Frank Stanley Strobridge (February 17, 1857 – July 22, 1918) was an American politician and insurance businessman from Maryland. He served in the Maryland Senate from 1896 to 1900.

Early life
Frank Stanley Strobridge was born on February 17, 1857, in San Francisco, California, to Rhoda Warren (née Davol) (born 1830) and Jerome M. Strobridge. He attended public and private schools in Philadelphia, Pennsylvania. He moved to Baltimore, Maryland, with his parents in 1875.

Career
After moving to Baltimore, Strobridge worked at an insurance office. He was the incorporator of Baltimore Mutual Aid Society in 1881. Strobridge organized and incorporated the Baltimore Life Insurance Company on March 27, 1882. He then served as the first president until his death.

Strobridge was a Republican. Strobridge served in the Maryland Senate, representing the 3rd legislative district of the City of Baltimore, from 1896 to 1900.

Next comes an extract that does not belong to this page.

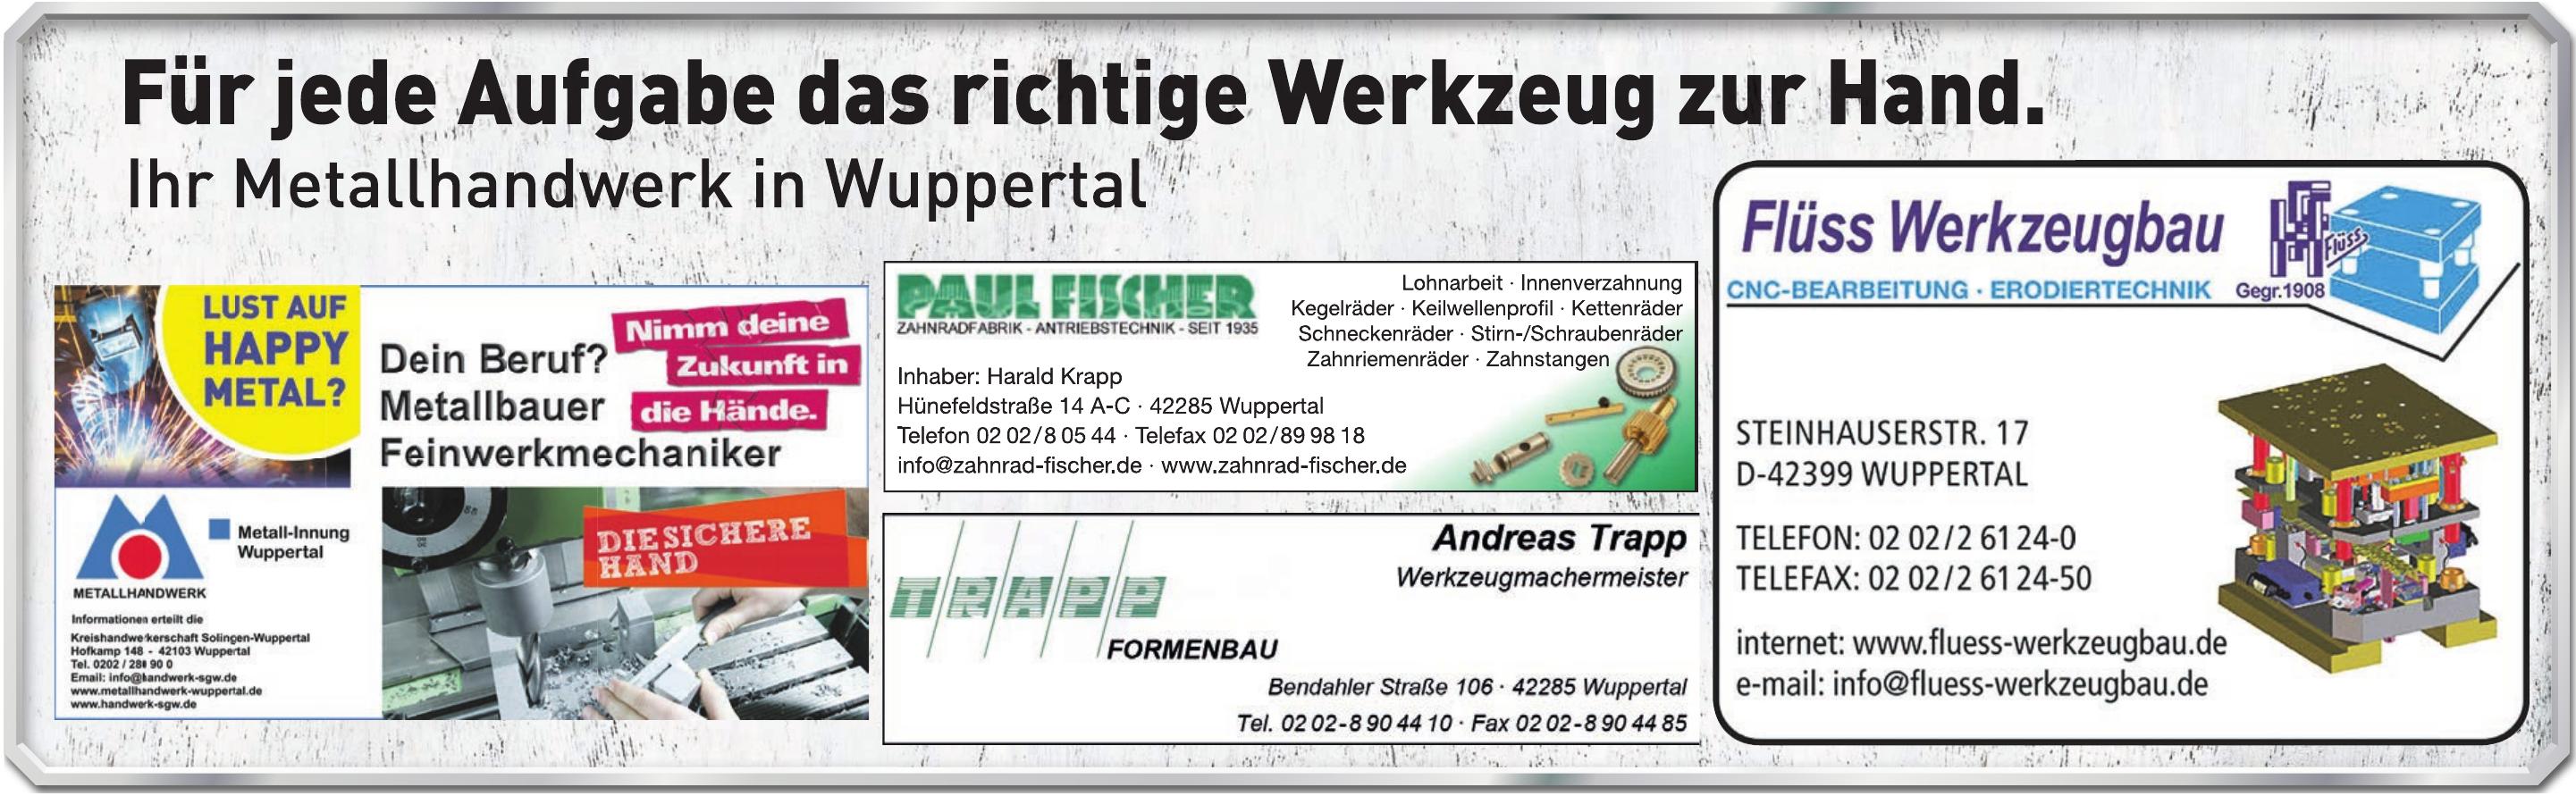 Metallhandwerk in Wuppertal
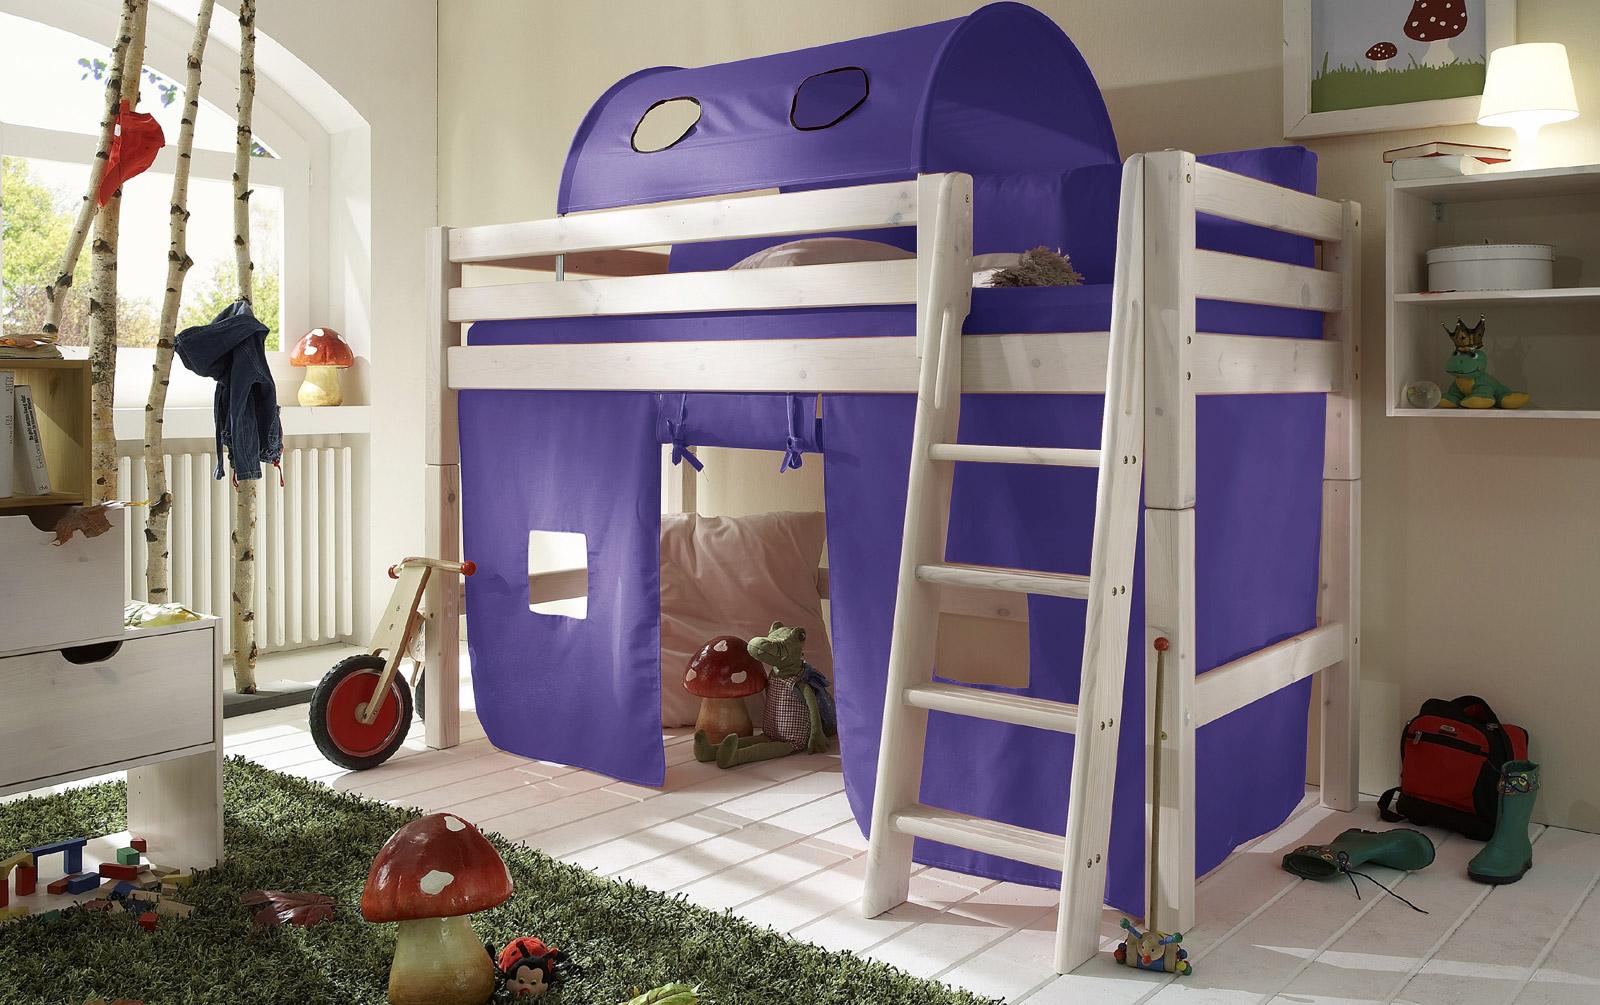 Spielvorhang Kids Paradise für Midi-Betten in uni lila

Strobridge was president of the 12th Ward's Republican Club. He was also governor of the Young Men's Republican Club and served as a member of the Republican State Central Committee.

Personal life
Strobridge married Alice Barnes (born 1864) in 1883. They hade five children, including Frank Stanley Jr. (born 1884), J. Howard (born 1886), Elsie and  Alice (born 1889).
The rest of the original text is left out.